Sarah Florer (12:37.168)
Hmm.
Zane Schartz (12:58.097)
to them on a pretty platter and sell it to them and go rinse and repeat. So we're basically doing all the hard work for them on kind of a smaller scale, but when you combine a bunch of small fish onto a big platter, it might create a big enough fish for them to want to buy it.
Sarah Florer (13:11.674)
Hmm. Hmm. That's interesting.
Roland Wiederaenders (13:14.059)
Well, Sarah, you where my mind was going is just thinking about, you know, getting into the specifics so that people could learn about what it means to invest in a fund like this, because you've got a target, right, Zane, of 20 properties, but you've only, you've bought 11 already. So if I'm an investor coming in, I guess you have an open investment period and then a period during which you're going to be deploying capital and then a horizon for
harvest and potentially selling out the portfolio like you were just saying. So I think it would be interesting for people to hear that, you know, if you want to invest in a fund like this, this is the, these are the terms, these are sort of representative terms that you're going to get.
Zane Schartz (13:58.65)
Yeah.
So I think like a really good thing to mention, a lot of investors don't really fully understand this, is when you buy into a fund, you are getting the diversification of a fund. So you're not buying one apartment complex in Dallas, Texas, where you know, hey, this is the 200 unit apartment complex. This is where my money's going. I know exactly the asset. I know exactly the game plan. I know exactly like what their projections are and what their game plan is. You may fall short of that or you may exceed them, but it's easier to kind of paint that picture.

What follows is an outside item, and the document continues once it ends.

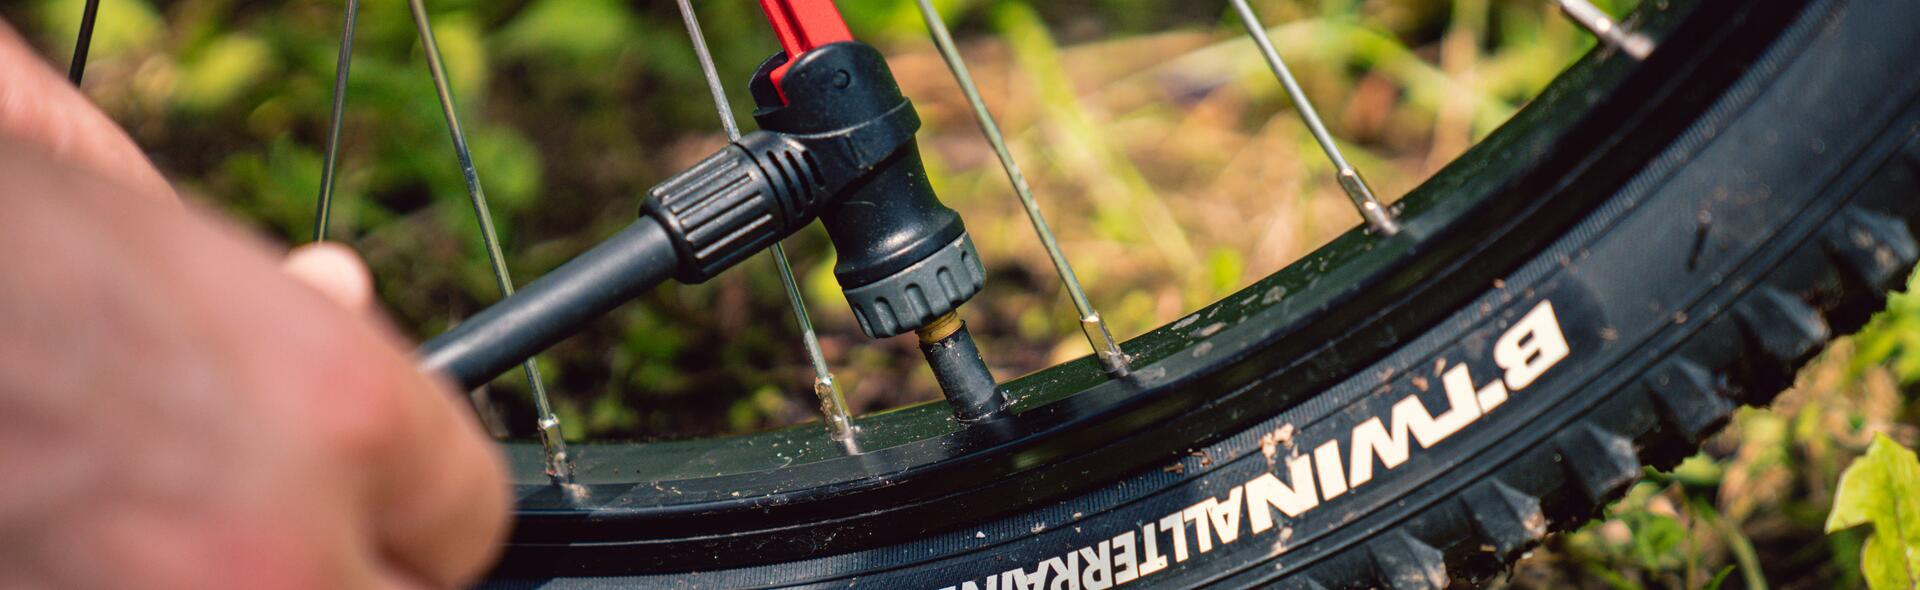 Como saber la presión ideal de los neumáticos de bicicleta de carretera

is what we're painting. For us, we do a blind pool raise, meaning, we have a set box, a set criteria where we say we are looking for, we're looking for, and we're projecting to buy, you know, these tenants, investment grade tenants like Dollar General, Starbucks, Kroger, Walmart.
Sherwin-Williams, those types of tenants in these regions, but we don't know what's going to be on the market. We don't know if there's not going to be any Starbucks on the market over the next six months, if there's not going to be any Sherwin-Williams that fit our yield criteria. There's a lot that goes into it. When I'm looking at 200 deals a week, there's maybe only one or two that might even fit our buy box and we make offers on them and we may not get them. So that's the first thing is it's a blind pool and you don't know exactly the properties you're getting, but you know kind of the box that they're
going to fit in and the kind of the impetus of who is in control of it relies on us at Freedom and you're trusting our experience essentially. And then
Zane Schartz (15:31.569)
from a timing standpoint, you said, we're buying 20 properties. So that's another thing, that's a projection, kind of anywhere from 10 to 20 properties, it's a blind pool raise. So if we raise $0, we'll buy zero properties. If we raise enough properties to buy one asset, we'll have one in it. Kind of our expectation is that we have 10 to 20, I think we'll kind of be in the 14 to 16 range, because we are closing the fund in the next few months before the end of 2025. But yeah, so there's just a lot of, with a fund,
a lot of like ambiguity for lack of better terms but if you're if you're a good investor you should read the PPM and know what the limitations are and what that quote-unquote buy box is for them and really you got to put trust into the operator so doing your due diligence into the operator looking at their track record and experience is a big thing but
on any of these deals, it's projections. You could even go to buy a single unit multifamily property of 200 units and they could say, hey, you know, we're looking to buy this for $20 million and we think we're going to get a 70 % loan. you know, with this, our returns are going to be XYZ, but they might not get a 70 % loan. They might only get a 65 % loan and you've already funded your investment or, you know, there's just a lot that can happen.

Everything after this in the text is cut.